This narrowing of the distribution, or the reduction in “error variance” due to increased sample size, is related to a statistical concept called power. This term often comes up in relation to hypothesis testing. When researchers do a study, they want to make sure the sample size is large enough. Even if the alternative hypothesis is correct, small samples may mean that the data are still consistent with null hypothesis. For the example above, the alternative hypothesis test was “more than half prefer mint chocolate chip” and the assumed true value for the proportion was 0.65. With a sample of 10, your power was 0.75. Note that your power came from two sources. One was the size of the difference you wanted to detect, i.e., the effect of mint chocolate chip preference. You believed that this effect was reasonably large at 0.65. A preference of 0.52 would be harder to detect in a sample of 10, while a preference rate of 0.91 should be easier. Thus in the latter case, your sample study would have higher power than in the former case (low power).

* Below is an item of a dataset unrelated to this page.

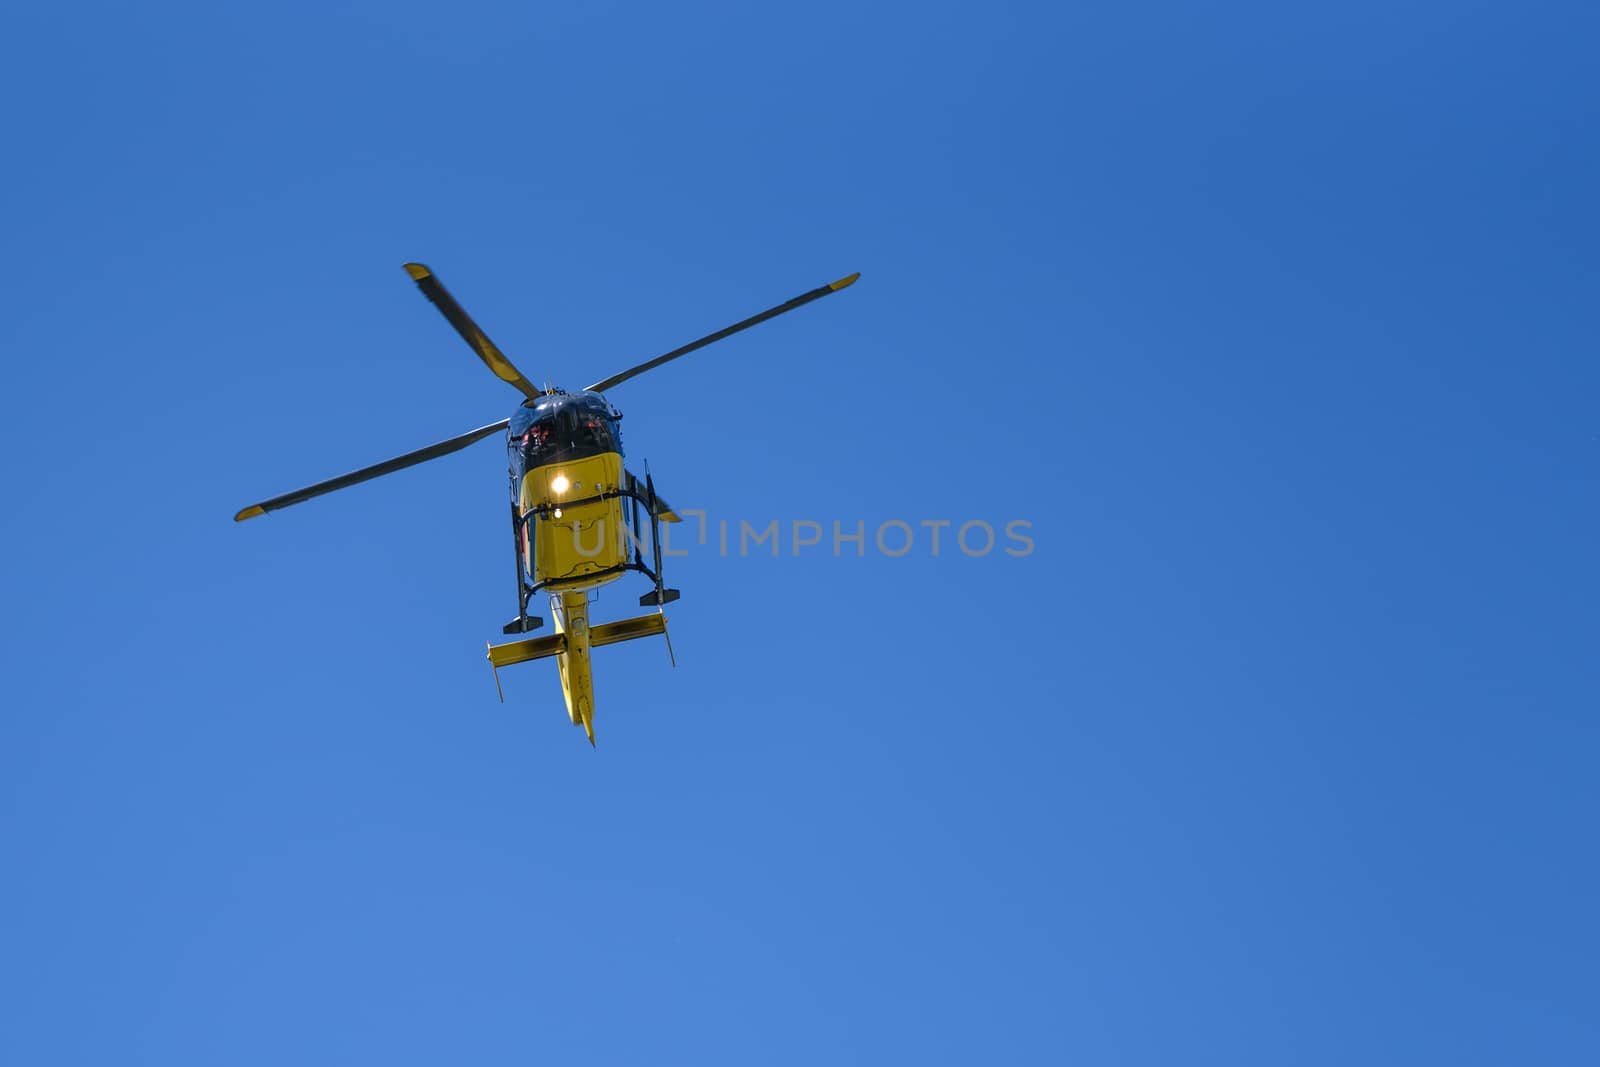 Generic yellow helicopter used for firefighting and rescue operations on the blue sky background - low angel view.

You can’t typically control the size of the effect. It is what it is, and perhaps if the effect is small, you may not care as much about it. However, some knowledge is still worth pursuing, even of small effects, and you can often control the size of the sample. Increasing the sample size increases your power to detect effects, even small ones. When scientists design a research study, they will often conduct a power analysis in advance to determine the sample size necessary to make confident claims about the effect of interest. This is analogous to what Schlitz marketing would have had to think through in deciding how many people to include in their live taste test campaign.

Betting on your Future

Consider the Investment Decision diagram of Naked Statistics, Chapter 5, that you read at the beginning of this module. The diagram is reproduced in Figure 13.1

Figure 13.1: Drug trial tree diagram (source: Wheelan)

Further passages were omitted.